Recorded information>

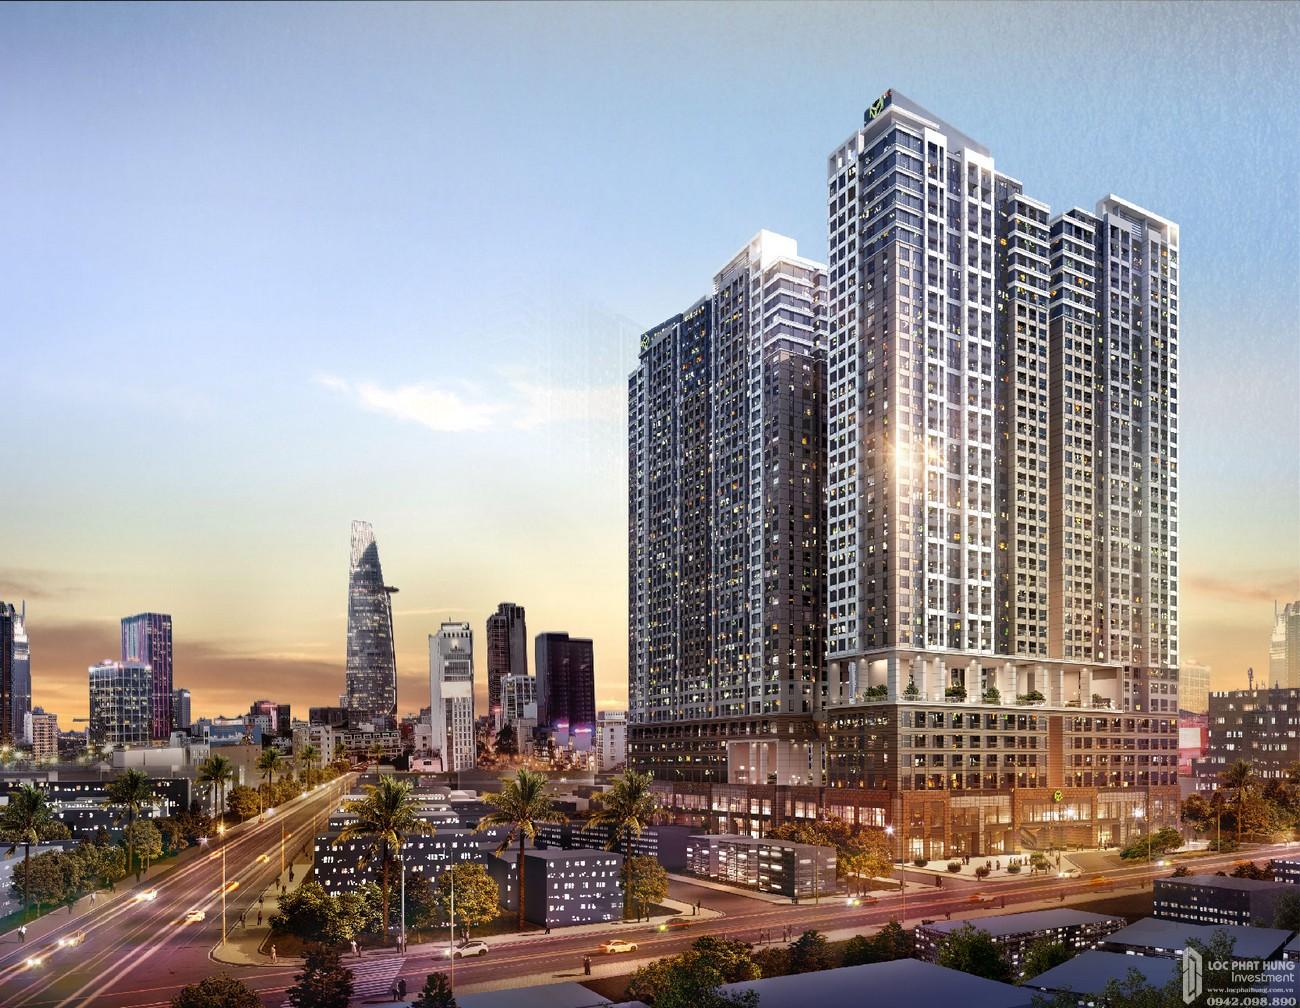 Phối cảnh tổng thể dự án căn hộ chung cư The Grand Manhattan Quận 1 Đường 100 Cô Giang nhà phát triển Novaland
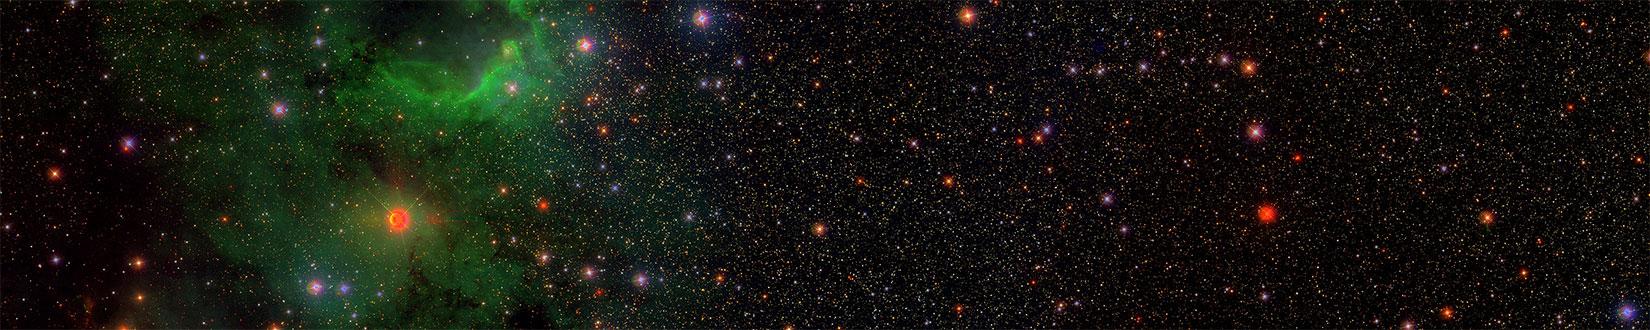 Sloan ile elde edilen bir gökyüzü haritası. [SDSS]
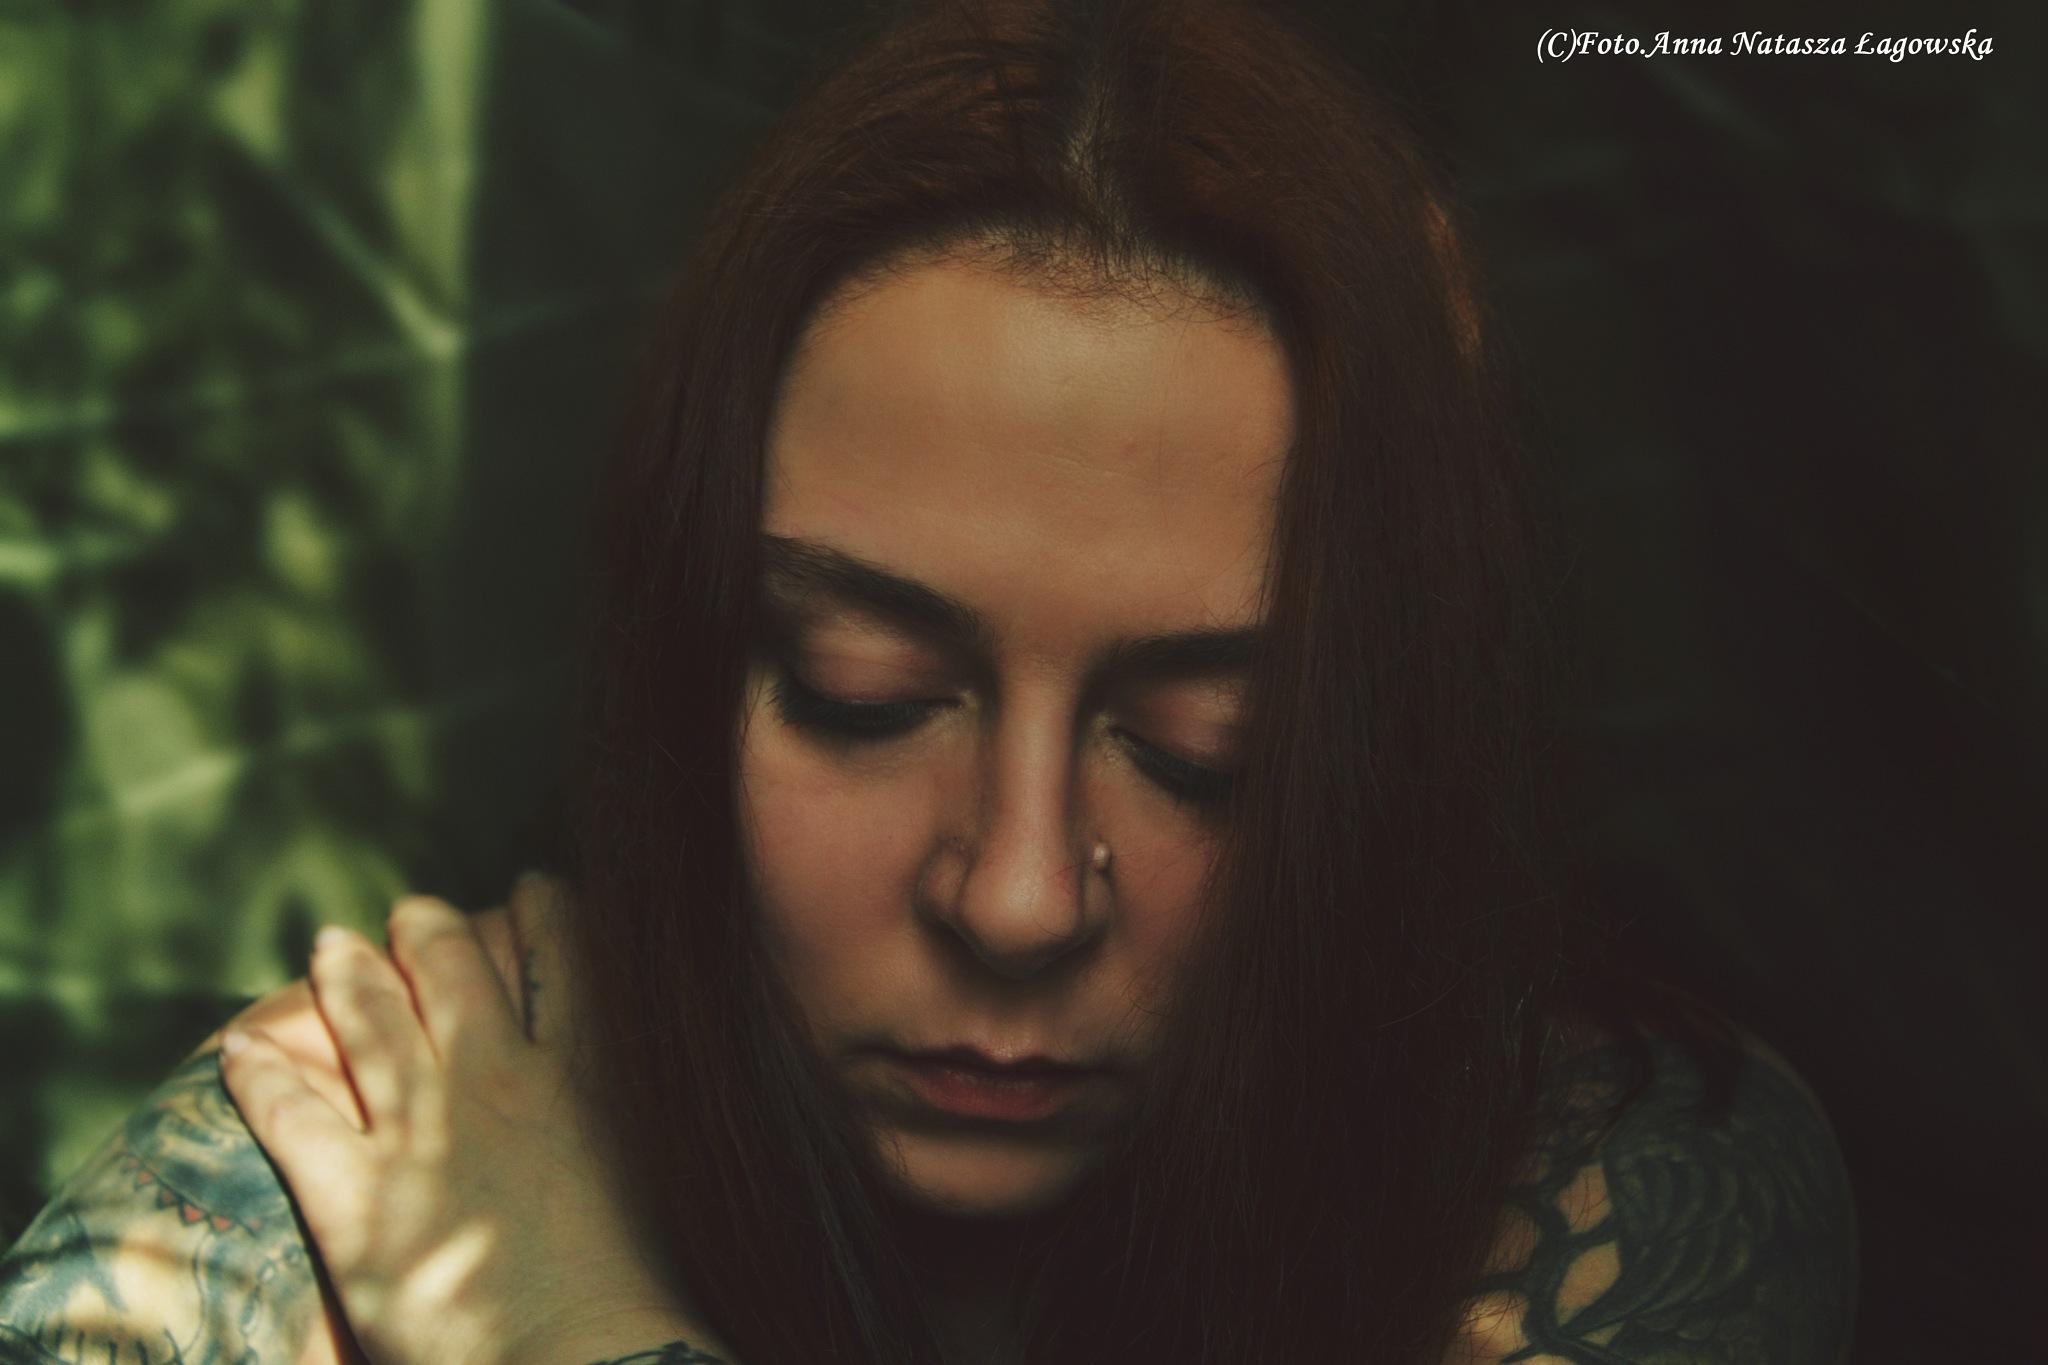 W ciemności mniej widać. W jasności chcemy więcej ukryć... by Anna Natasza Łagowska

What you will do> Quote the material word for word, dropping any images it holds.

Completed task>
 Phối cảnh tổng thể dự án căn hộ chung cư The Grand Manhattan Quận 1 Đường 100 Cô Giang nhà phát triển Novaland
 Sloan ile elde edilen bir gökyüzü haritası. [SDSS]
 W ciemności mniej widać. W jasności chcemy więcej ukryć... by Anna Natasza Łagowska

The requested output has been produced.